* **Information supplied**:

━━━━━━

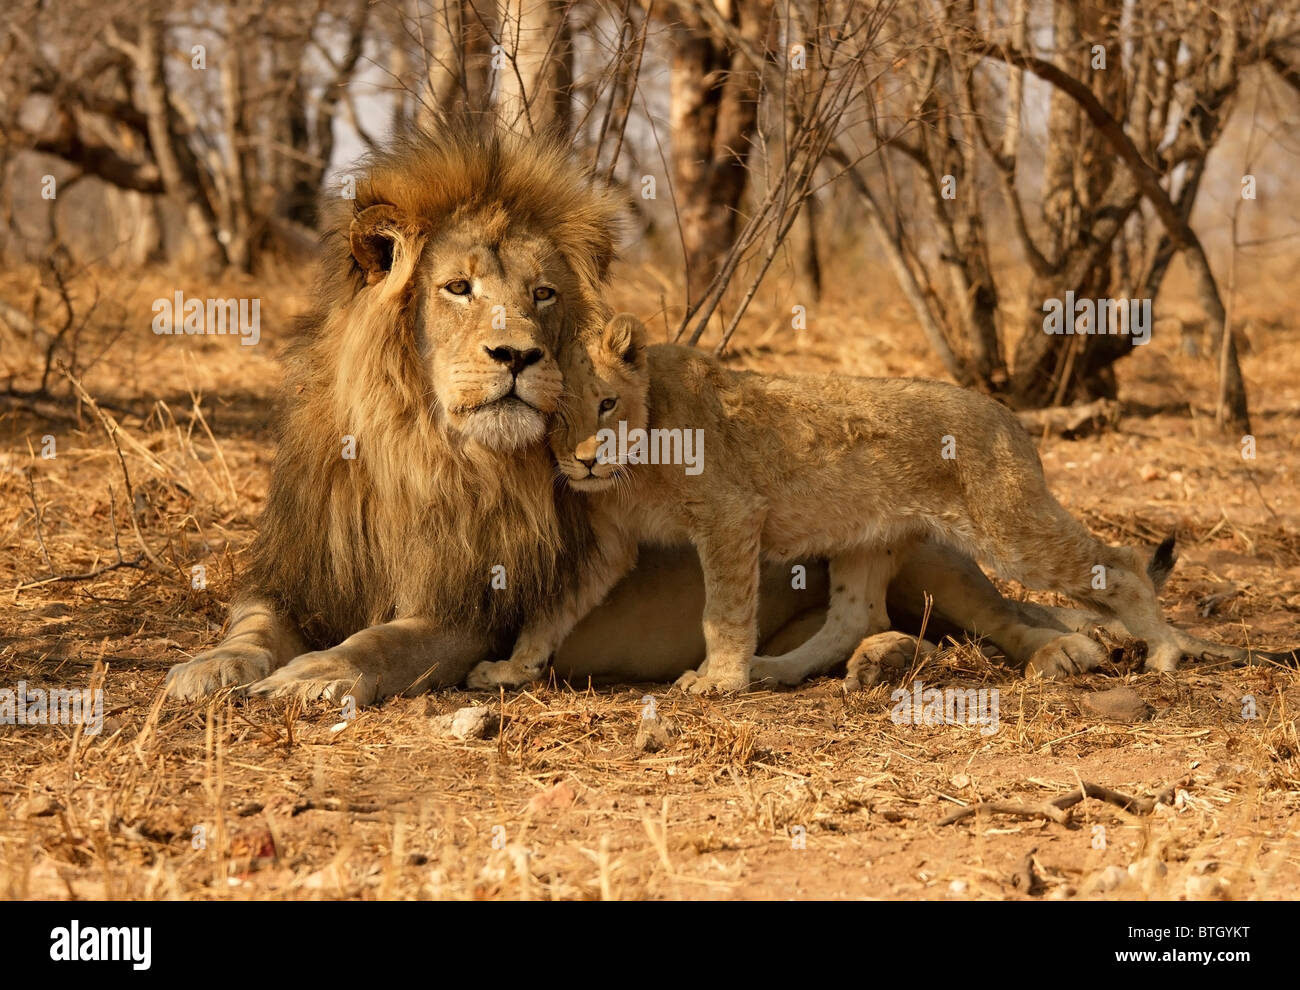 Male Lion with cub, Kruger National Park, South Africa. Stock Photo
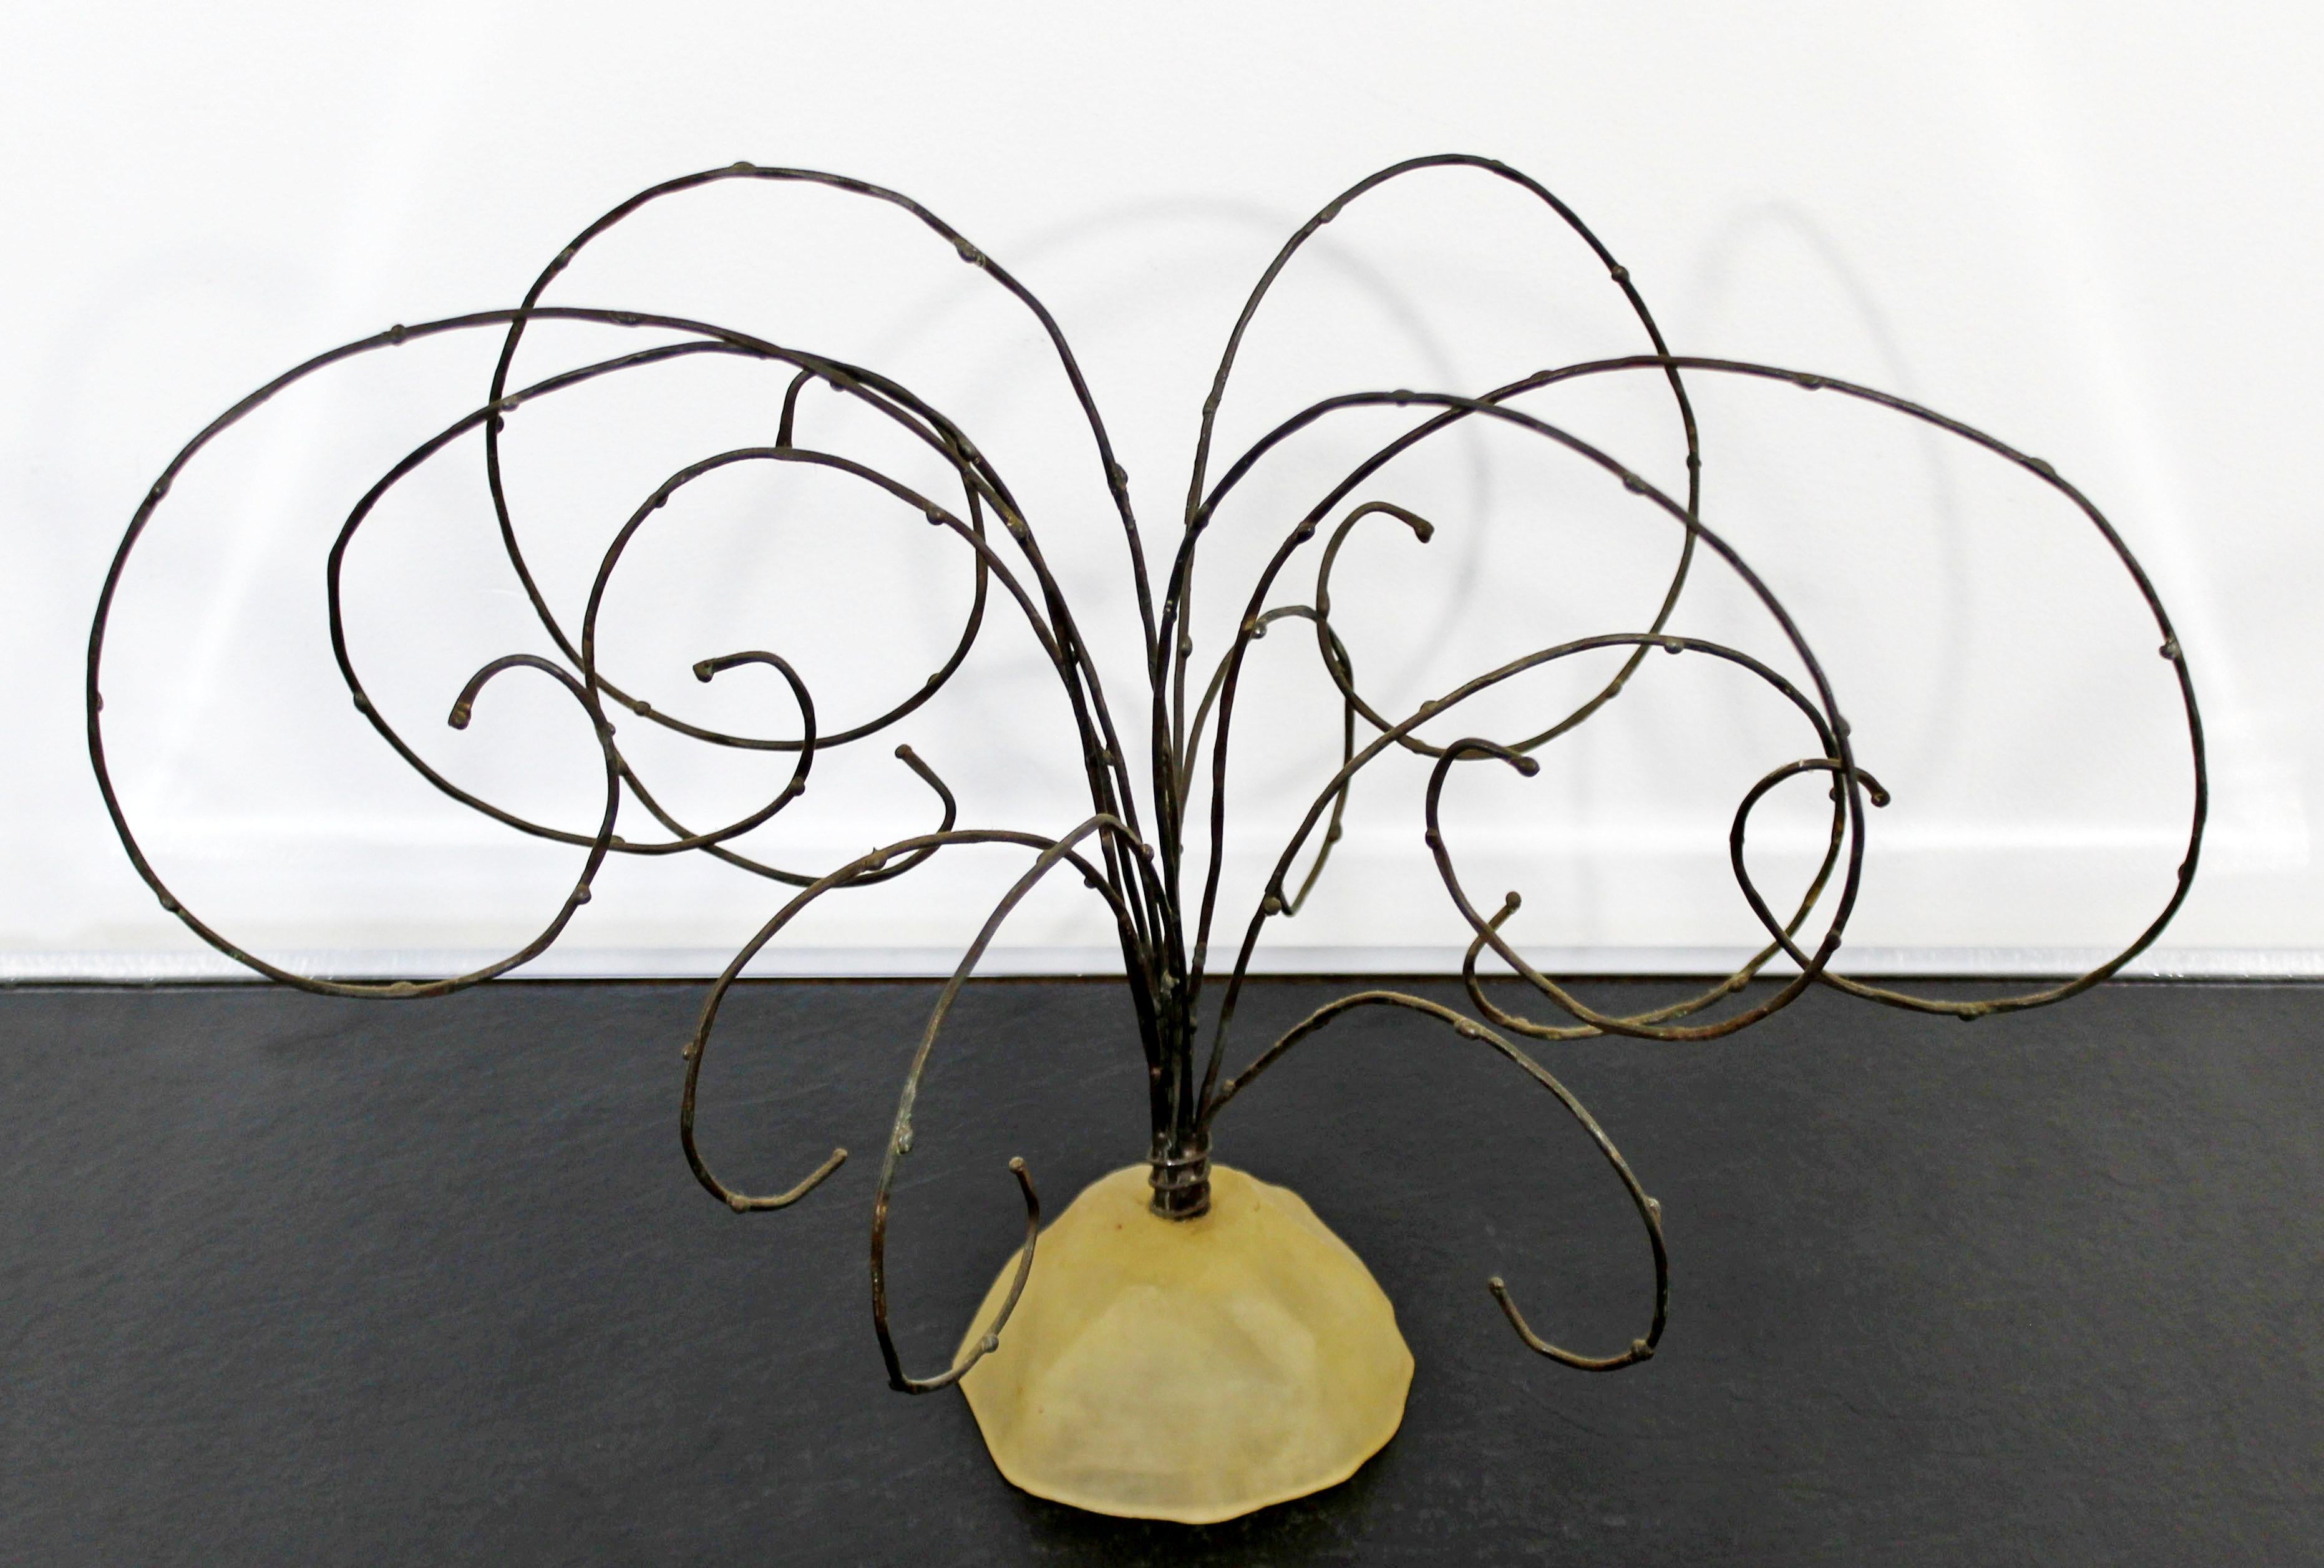 For your consideration is a beautiful, Brutalist, abstracted tree, threaded metal wire table sculpture on an acrylic base, circa 1960s. In excellent vintage condition. The dimensions are 18
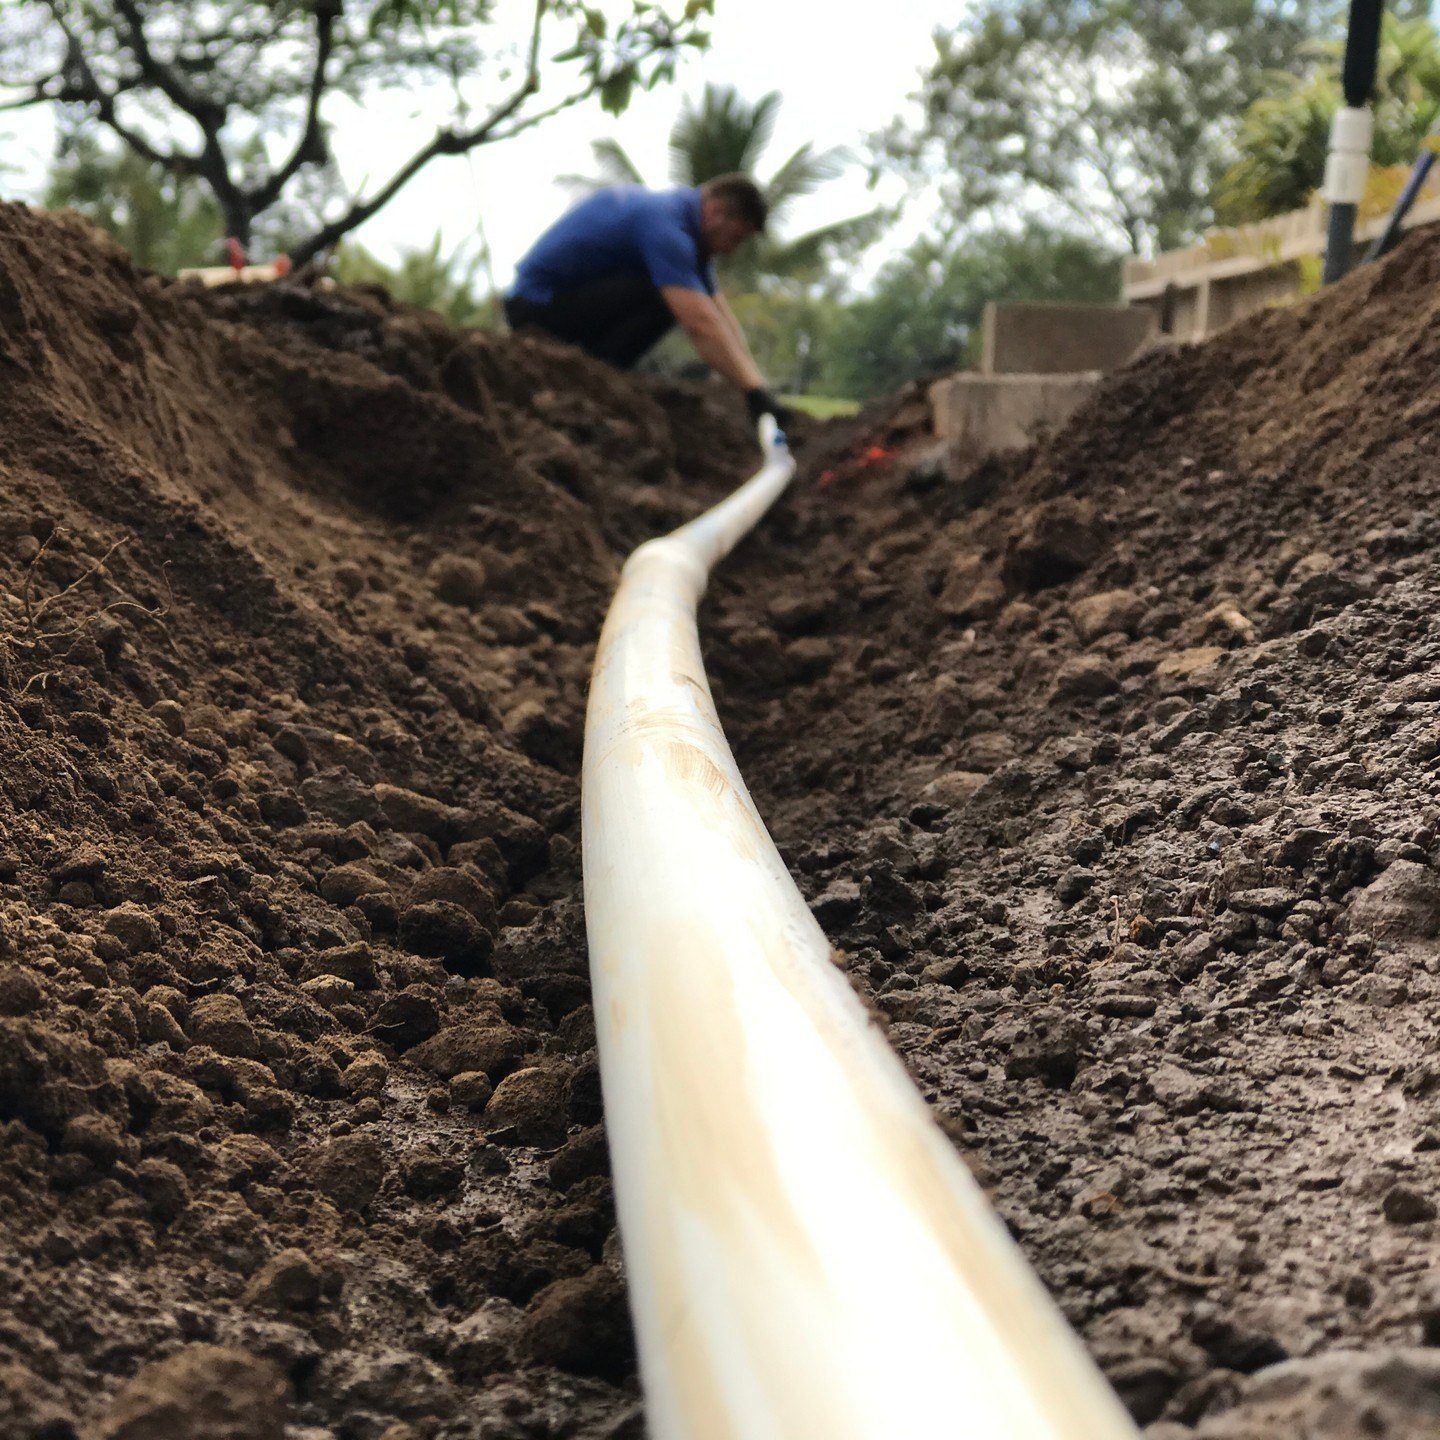 Professional installation of an irrigation system on Hawaii. Sprinkler and drip systems use pvc pipe like the one shown in the image to connect water lines.
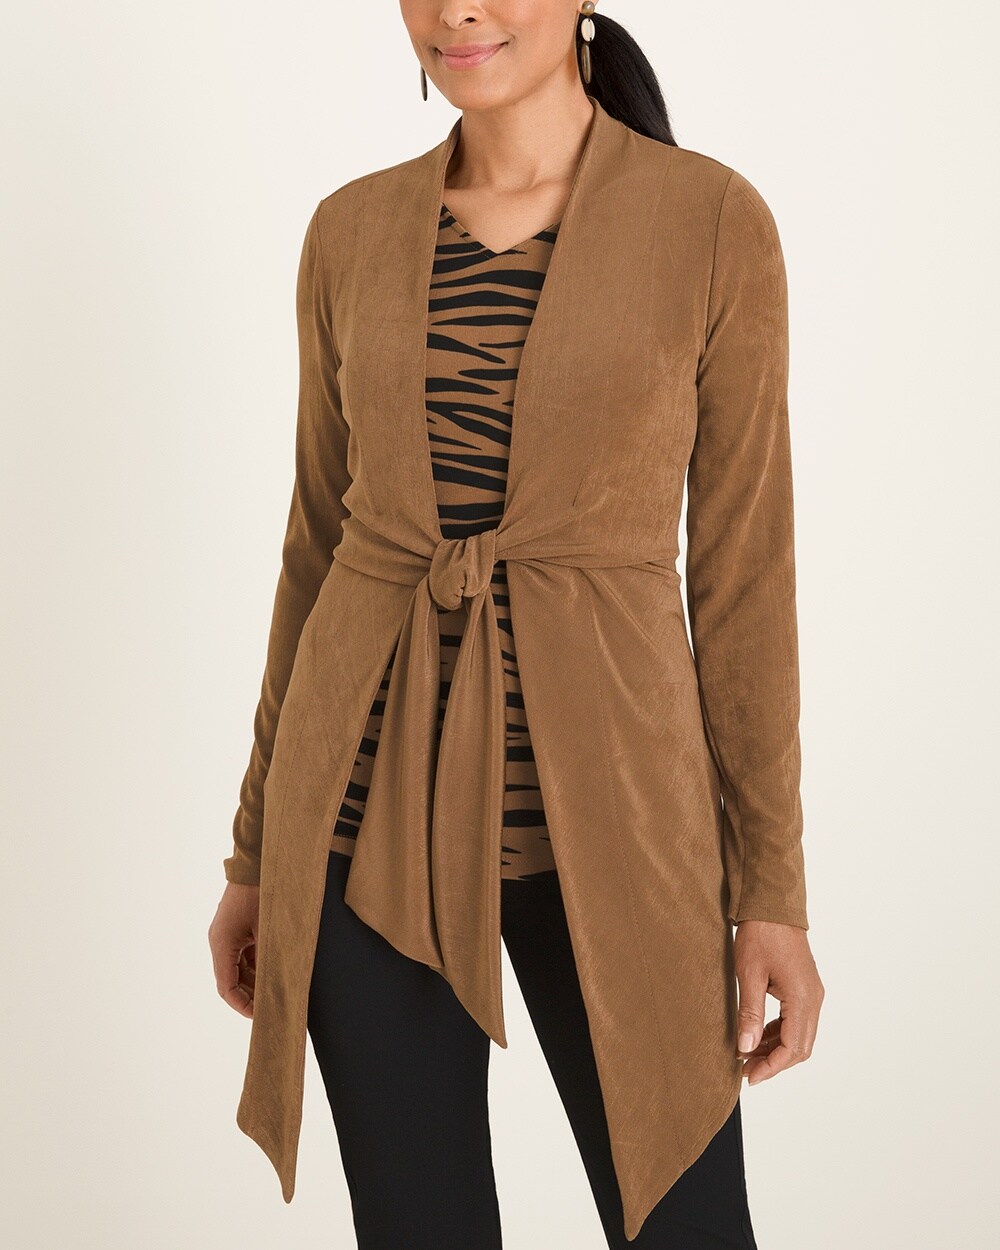 Travelers Classic Long Tie-Front Cardigan

━━━━━━

* **Problem details**:
The response must restate each line of the material above exactly and contain no images.

* **Solution to this exercise**:
 Male Lion with cub, Kruger National Park, South Africa. Stock Photo
 For your consideration is a beautiful, Brutalist, abstracted tree, threaded metal wire table sculpture on an acrylic base, circa 1960s. In excellent vintage condition. The dimensions are 18
 Professional installation of an irrigation system on Hawaii. Sprinkler and drip systems use pvc pipe like the one shown in the image to connect water lines.
 Travelers Classic Long Tie-Front Cardigan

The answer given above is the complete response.